For me, the conference was a chance to meet in person some of the many State Securities Commissioners I have come to know by phone and by email, and, of course, to see NASAA in action.
I was no less surprised to be consistent learning how many more of the NASAA members did not know that FINRA is not a .gov. My patent response, these days is, “That’s ok. No is an expected answer.” Most of the NASAA members I had connected with pre- the NASAA Spring Conference, until I provided documentation to the contrary, presumed FINRA’s monthly report releasing data stats on “enforcement,” “disciplines” and “barred” is government report. No. I explain, “Congress created The Commission. Congress told the Commission to oversee securities Brokers and Brokerages, and appoint multiple S.R.O.s, Self-Regulatory Organizations to oversee the Brokers and Brokerage issues, instead the Commission only appointed one S.R.O. the FINRA/NASD which somehow got control of Investment client and Investment advisor complaints neither of which Congress gave the FINRA/NASD oversight of…”. “FINRA’s monthly Enforcement reports” I explain, “ are doo-dadded up documents, hoax, posser, sham, deceptive marketing, consumer fraud, duck blind decided by business league peers of the person or entity on the hot seat, this week.” No cops are involved. No cops, no enforcement. FINRA does not report crimes to cops, nor does NASAA. Sometimes the Securities Commissions do. Sometimes.

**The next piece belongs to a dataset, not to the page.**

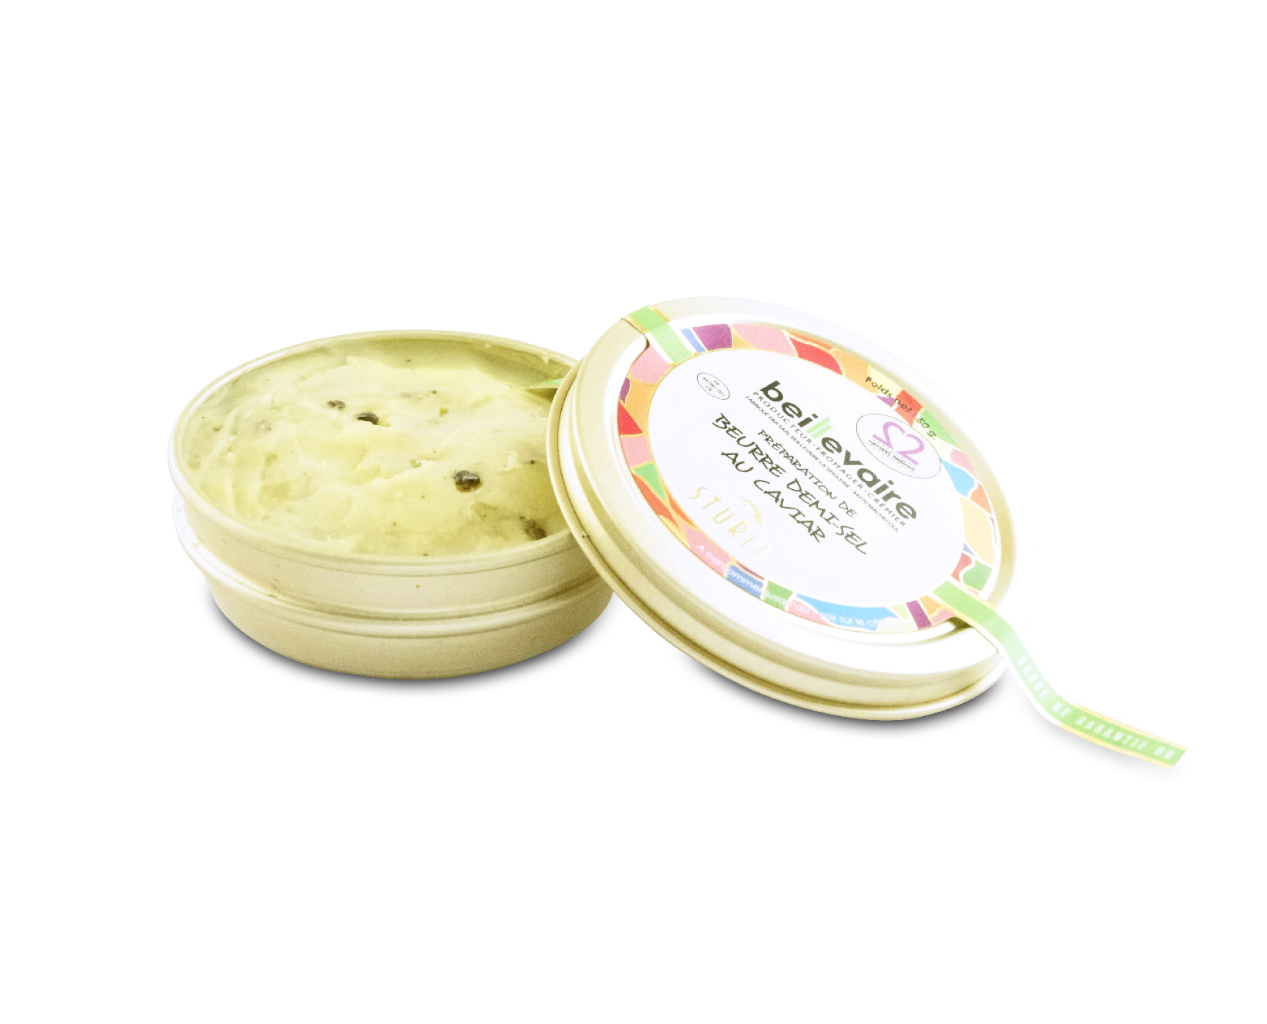 Beurre artisanal au caviar, Beillevaire (50 g)
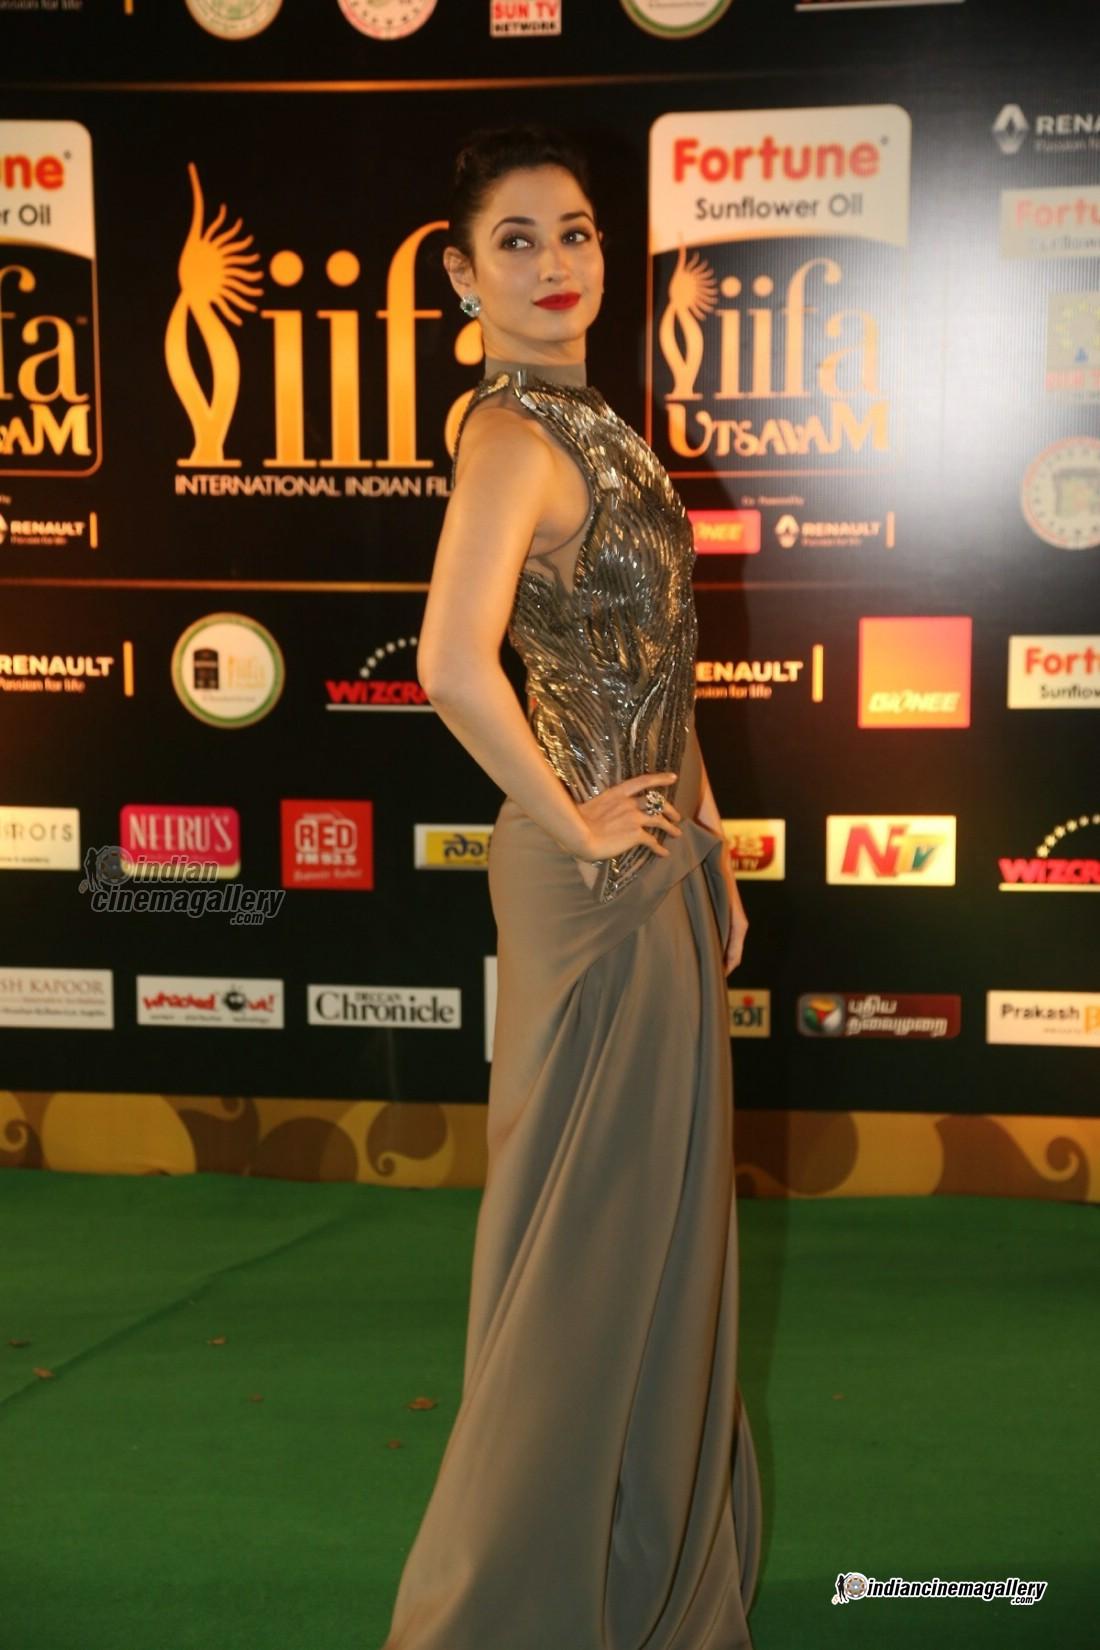 Tamannah-bhatia-at-IIFA-Utsavam-Awards-2016-Day-2-(27)6629

One of the Securities Commissioners is the man who gave a clean Bill of Health to “TKAM, To Kill A Mocking Bird” Harper Lee’s fiscal ability before Harper died. I guess it’s a new thing, working as a Securities Commission being tantamount to getting an M.D… I guess. Not sure he told me he called the cops.
NASAA’s Spring Conference day ran from 11:00 – 4:15pm. The conference panels were impressive. Truly. But puzzling. None of the events were live streamed for investor education. NASAA’s project the Senior Protection Bill was presented and seconded, by Senator Susan Collins, Chair of the Senate Special Committee on Aging, NASAA’s lunchtime keynote speaker.
The Spring Conference was revealing. For as many years of my covering the Hill and Senator Collins, the NASAA Spring Conference was my first time learning Senator Collins was a former securities regulator, herself. Stories Collins shared on seniors victims from Internet and financial scams, broke the hearts of Conference attendees. Even the FINRA attendees and securities team of the DISB, Department of Insurance, Securities and Banking, who failed in oversight of what is evolving as DC’s most egregious financial crime because, they claim, it did not match a DC Securities law, their oversight, even the DISB threesome paused eating to listen, to watch. Something to be said about government employees who, despite failing District and other investors fleeced by a con expert in internet social media outreach, nothing impedes their appetites at a free lunch attended on taxpayer funded business hours.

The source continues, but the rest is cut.